**DATASET EXTRACT**.
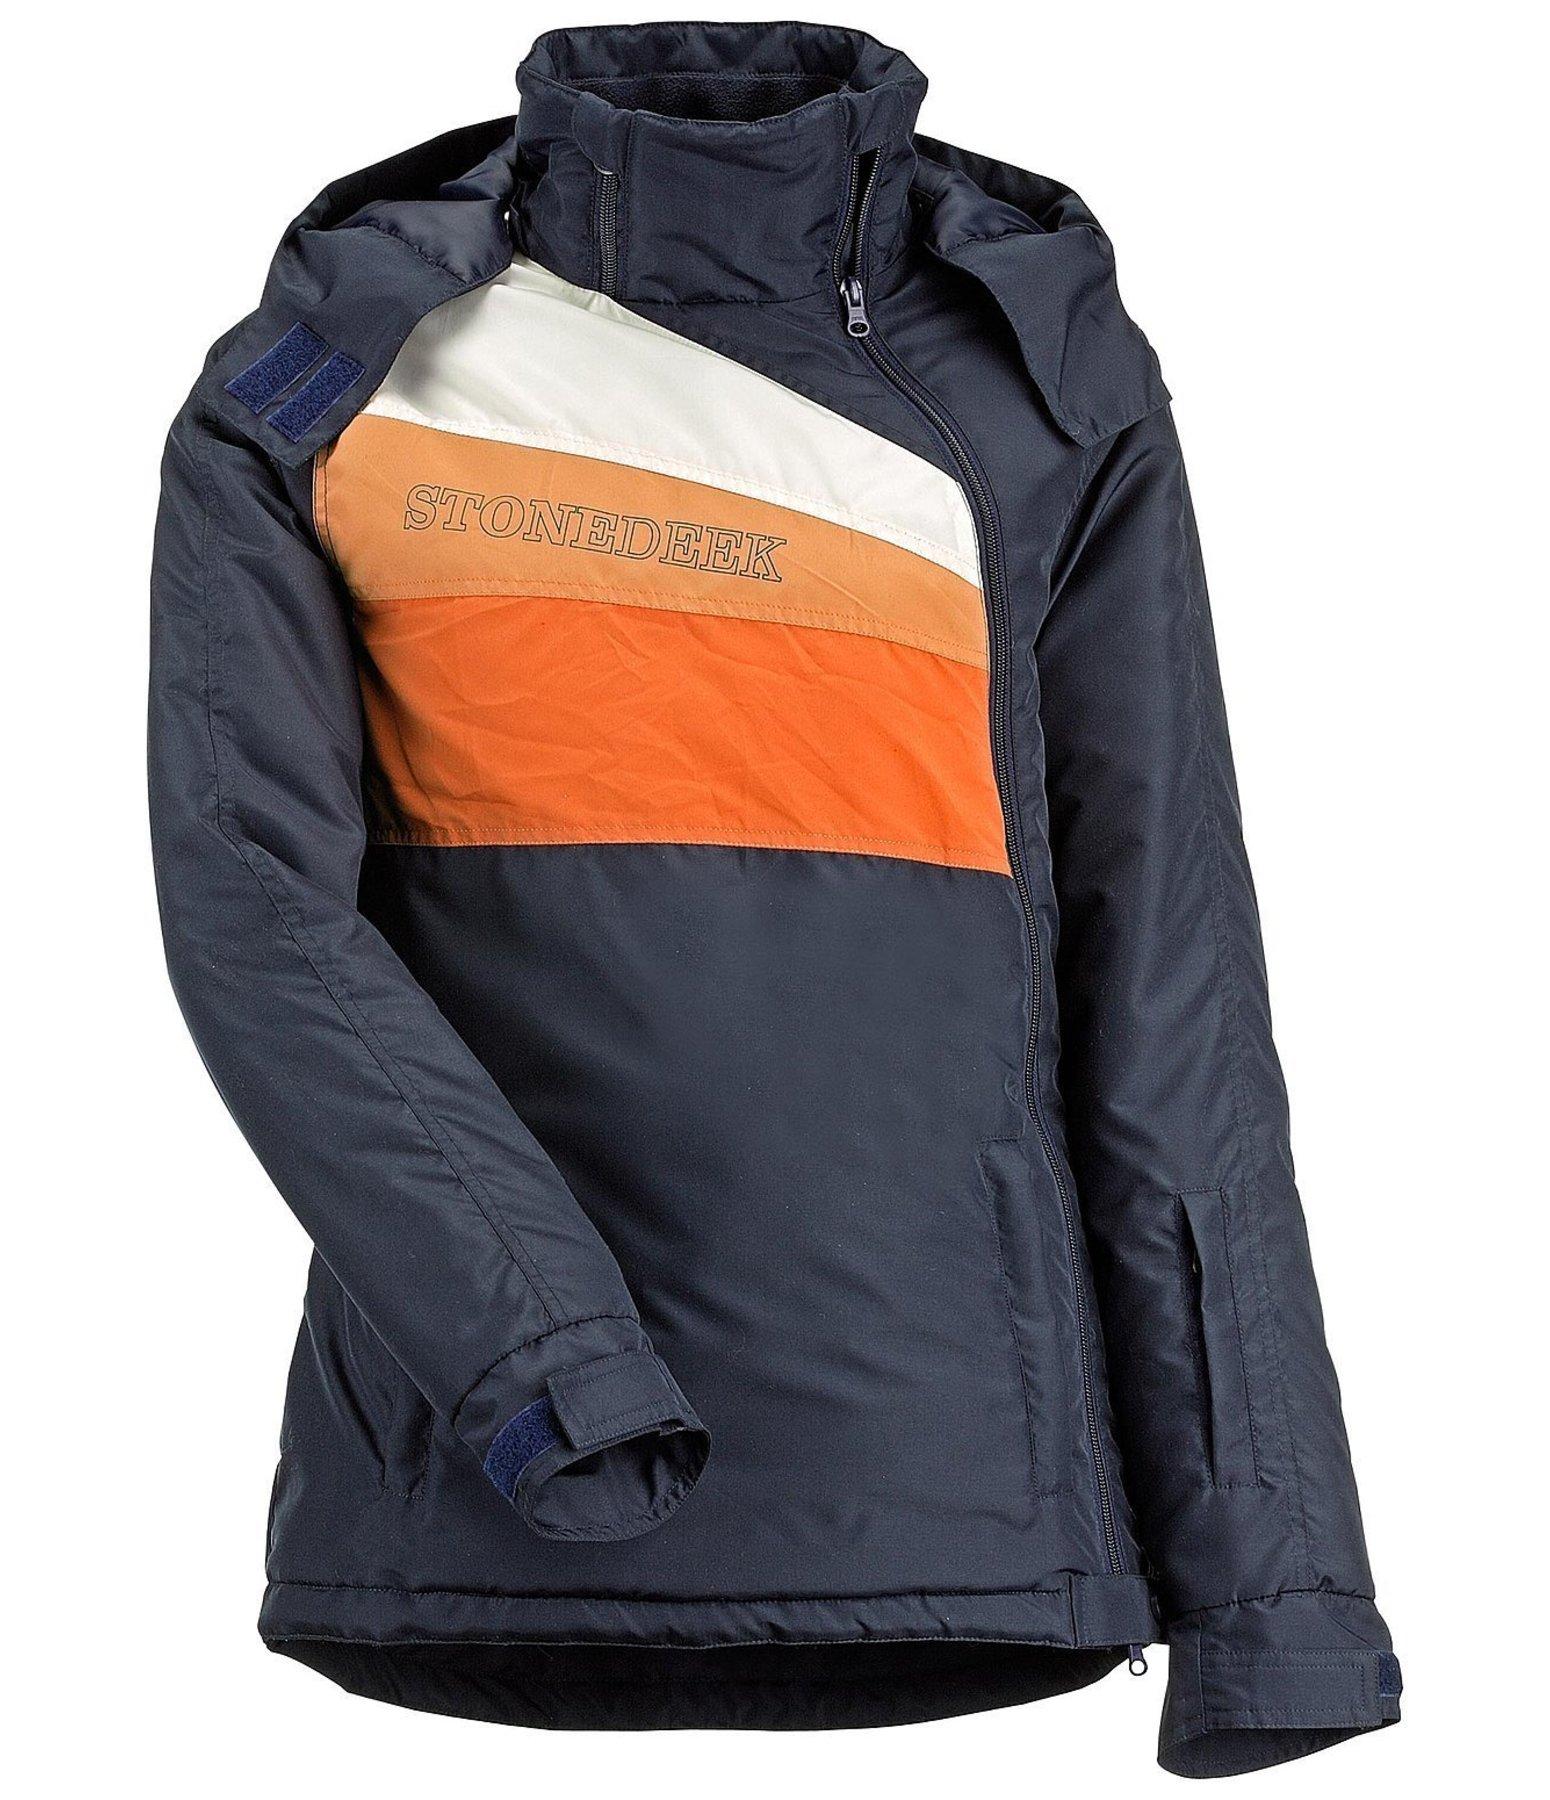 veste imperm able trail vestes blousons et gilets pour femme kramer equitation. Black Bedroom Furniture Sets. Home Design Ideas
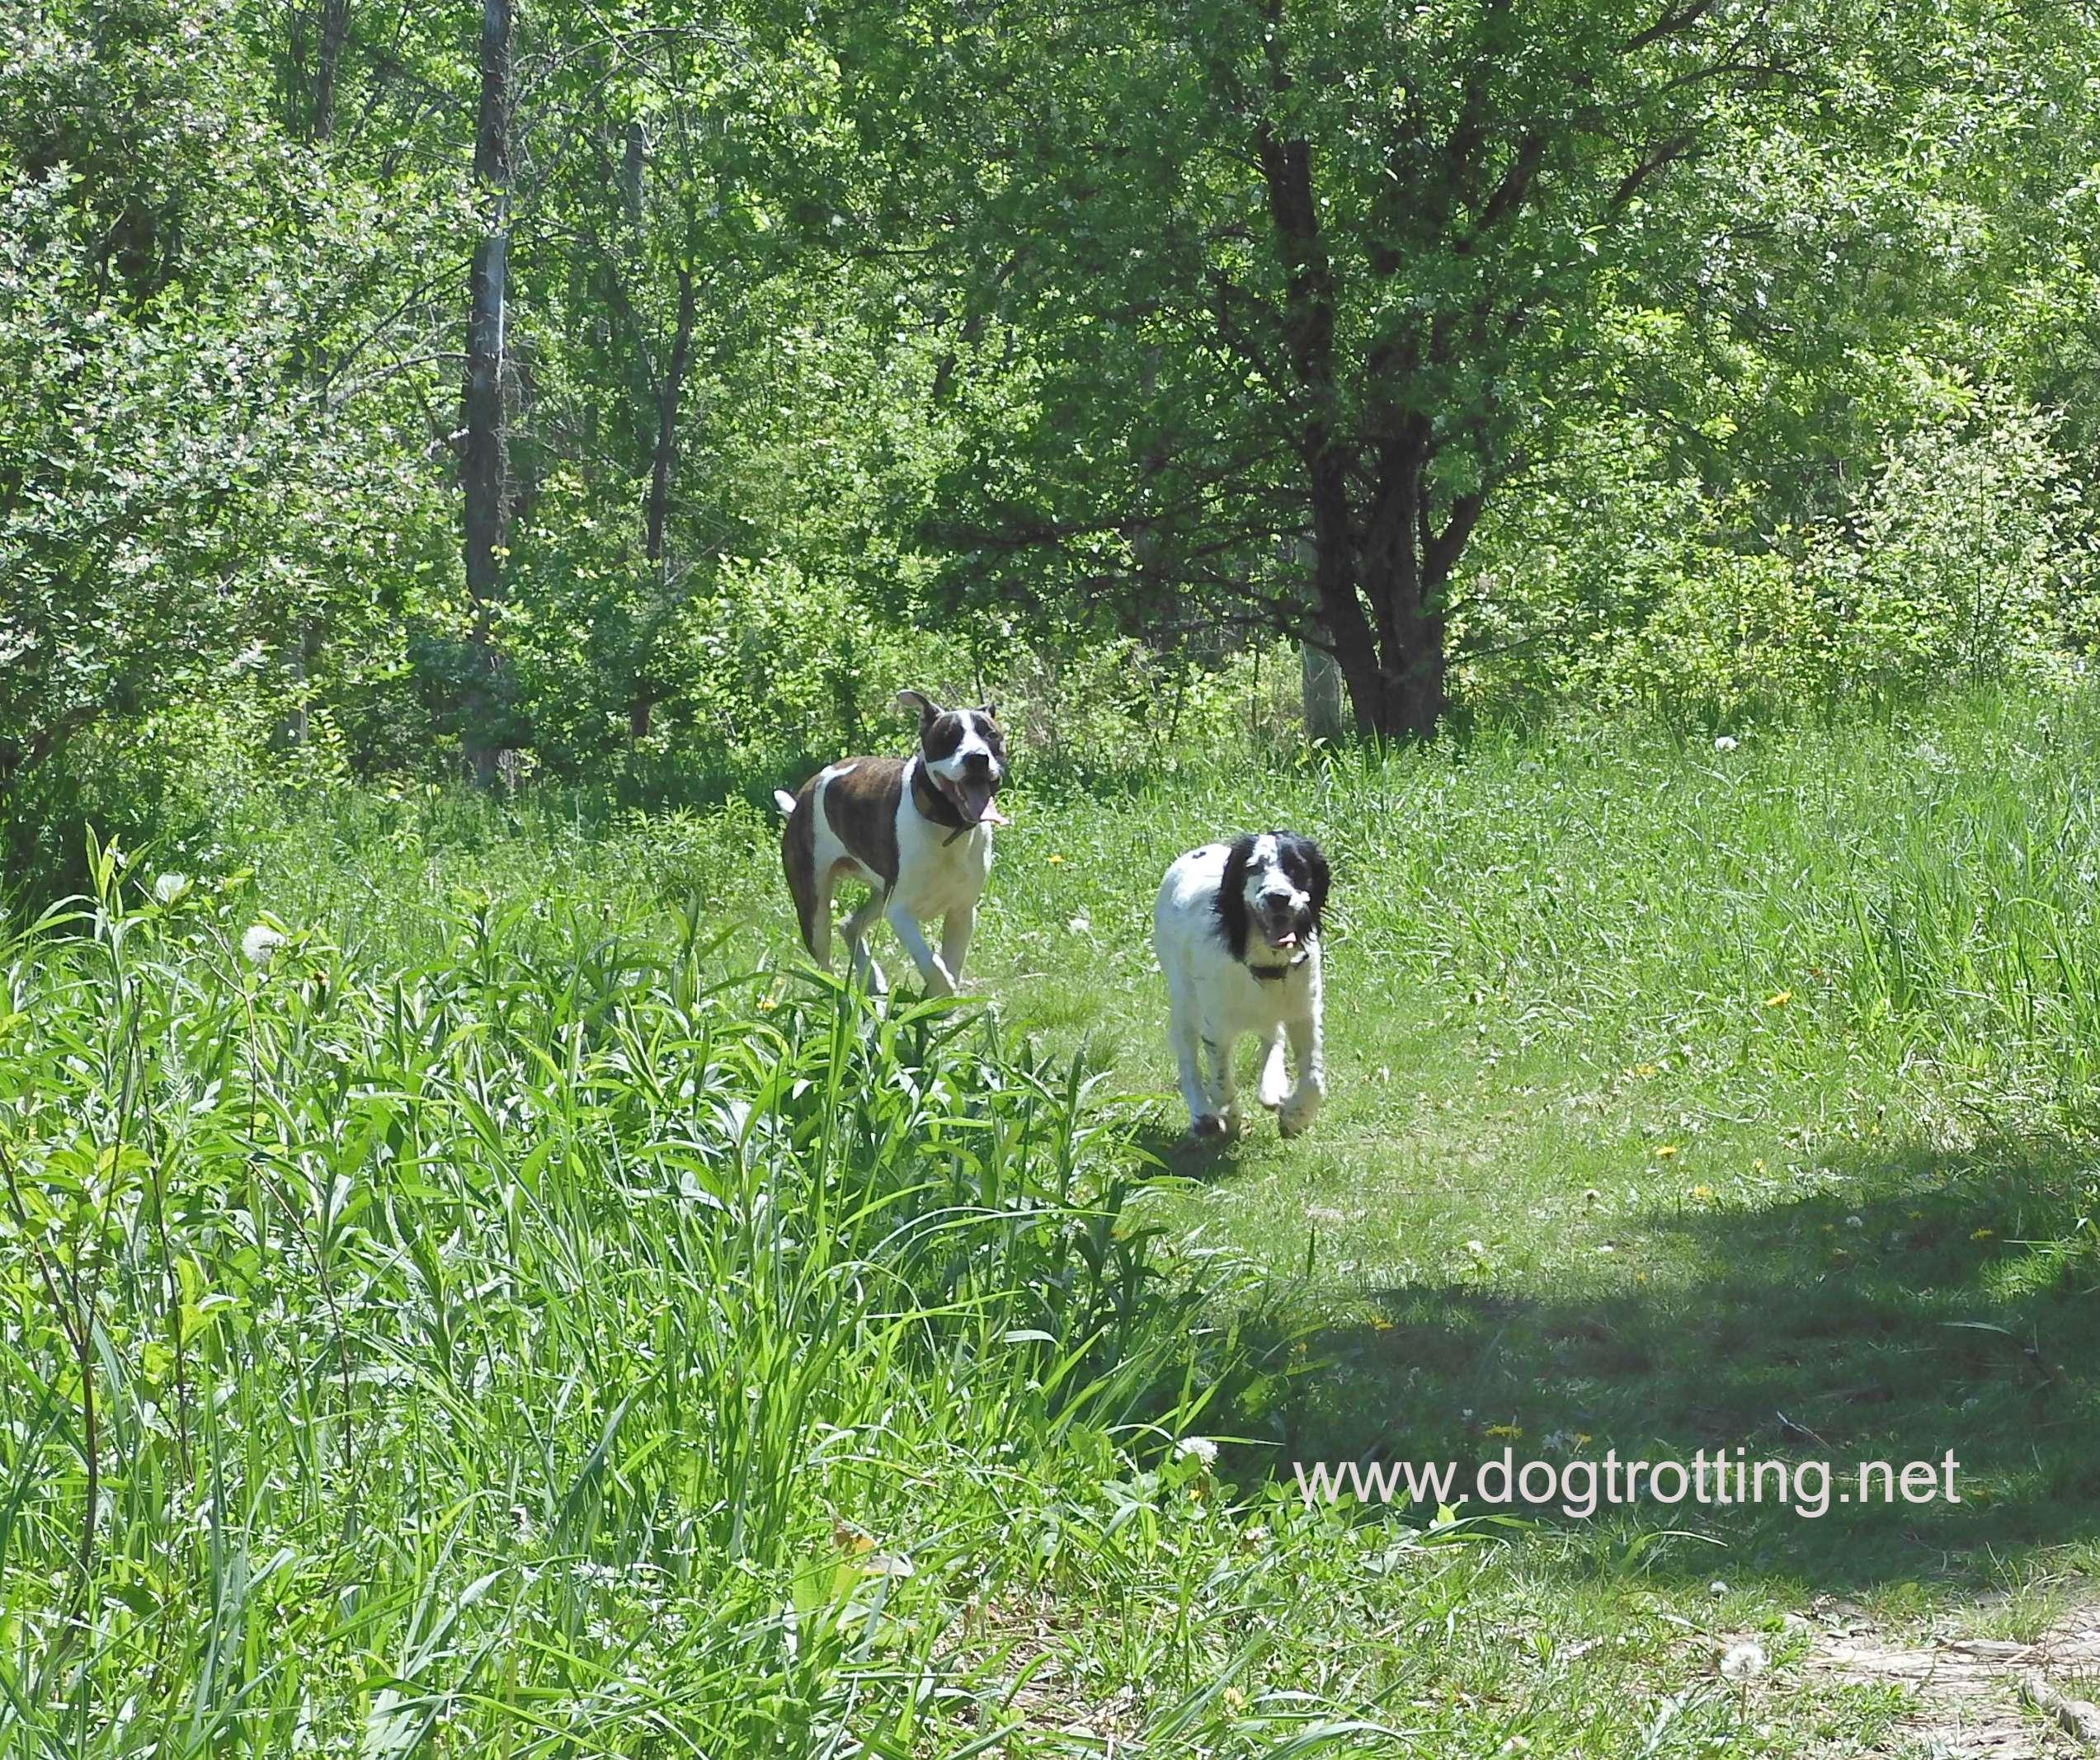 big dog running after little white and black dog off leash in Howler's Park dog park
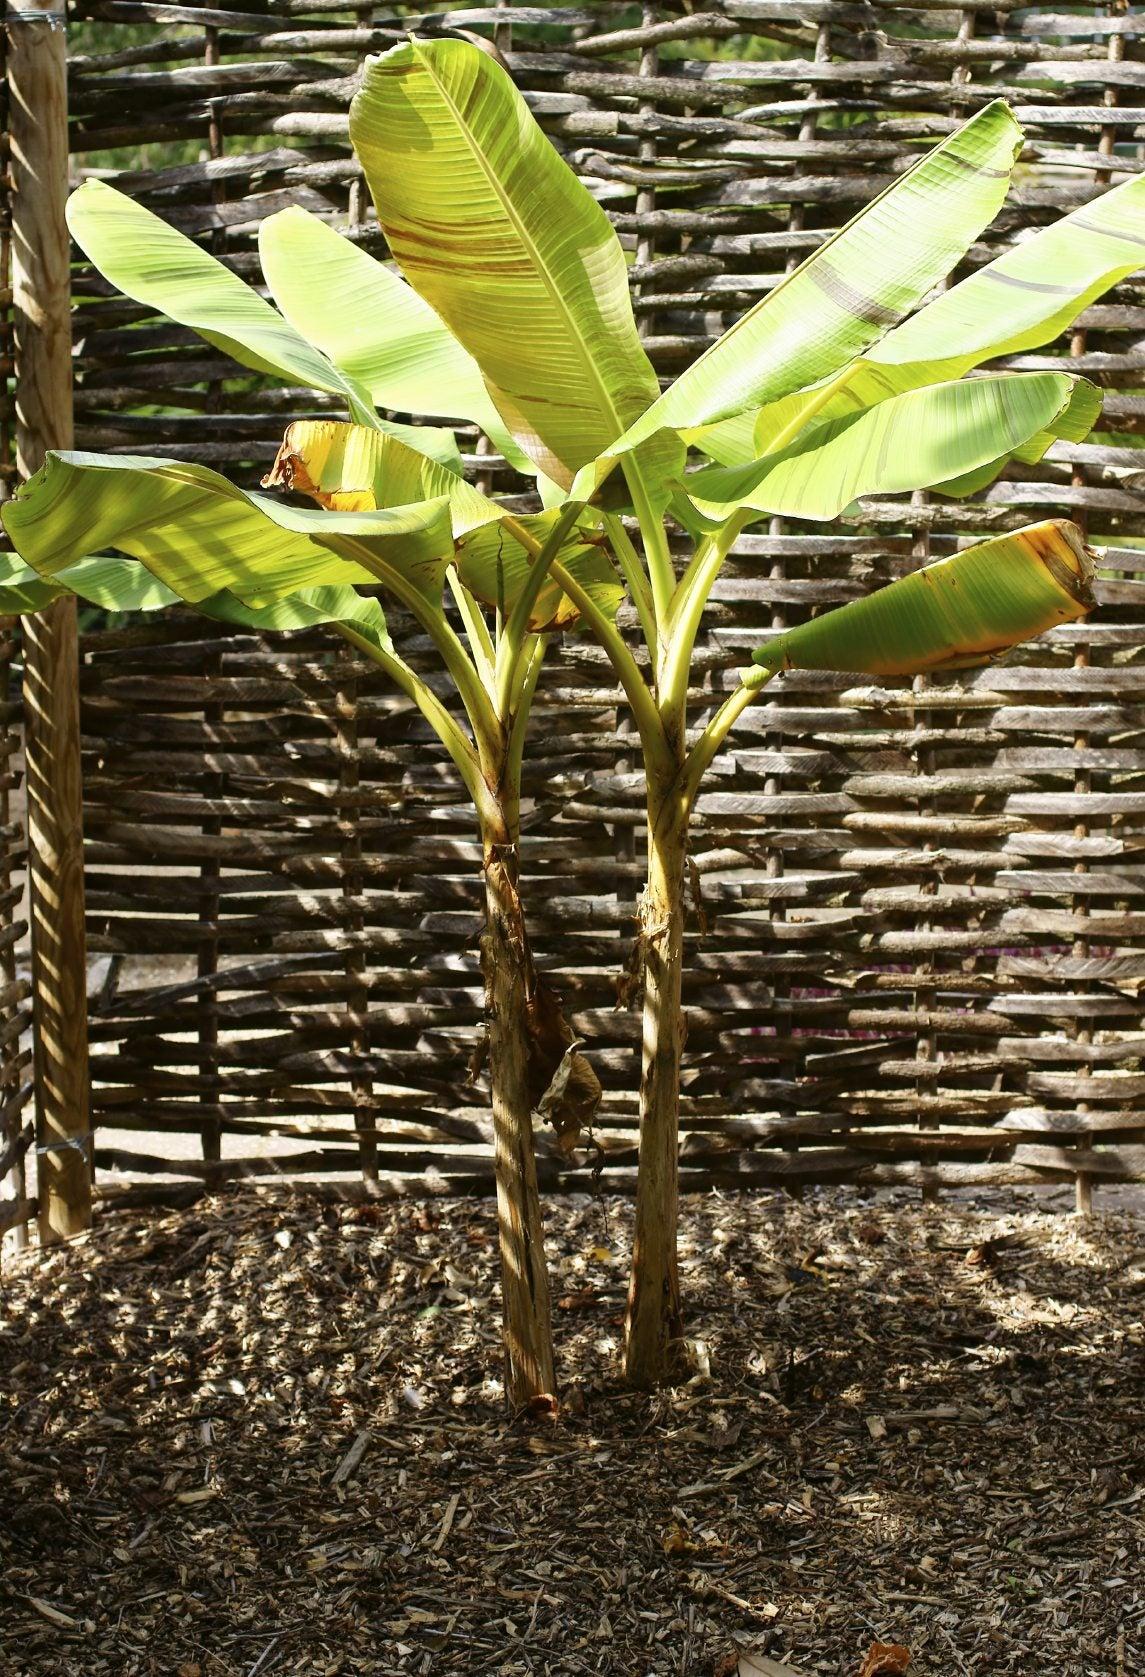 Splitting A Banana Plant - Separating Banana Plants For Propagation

**WHAT TO PRODUCE**.
The listing above is to be written out again exactly, with its pictures omitted.

**RESPONSE**.
 veste imperm able trail vestes blousons et gilets pour femme kramer equitation. Black Bedroom Furniture Sets. Home Design Ideas
 big dog running after little white and black dog off leash in Howler's Park dog park
 Splitting A Banana Plant - Separating Banana Plants For Propagation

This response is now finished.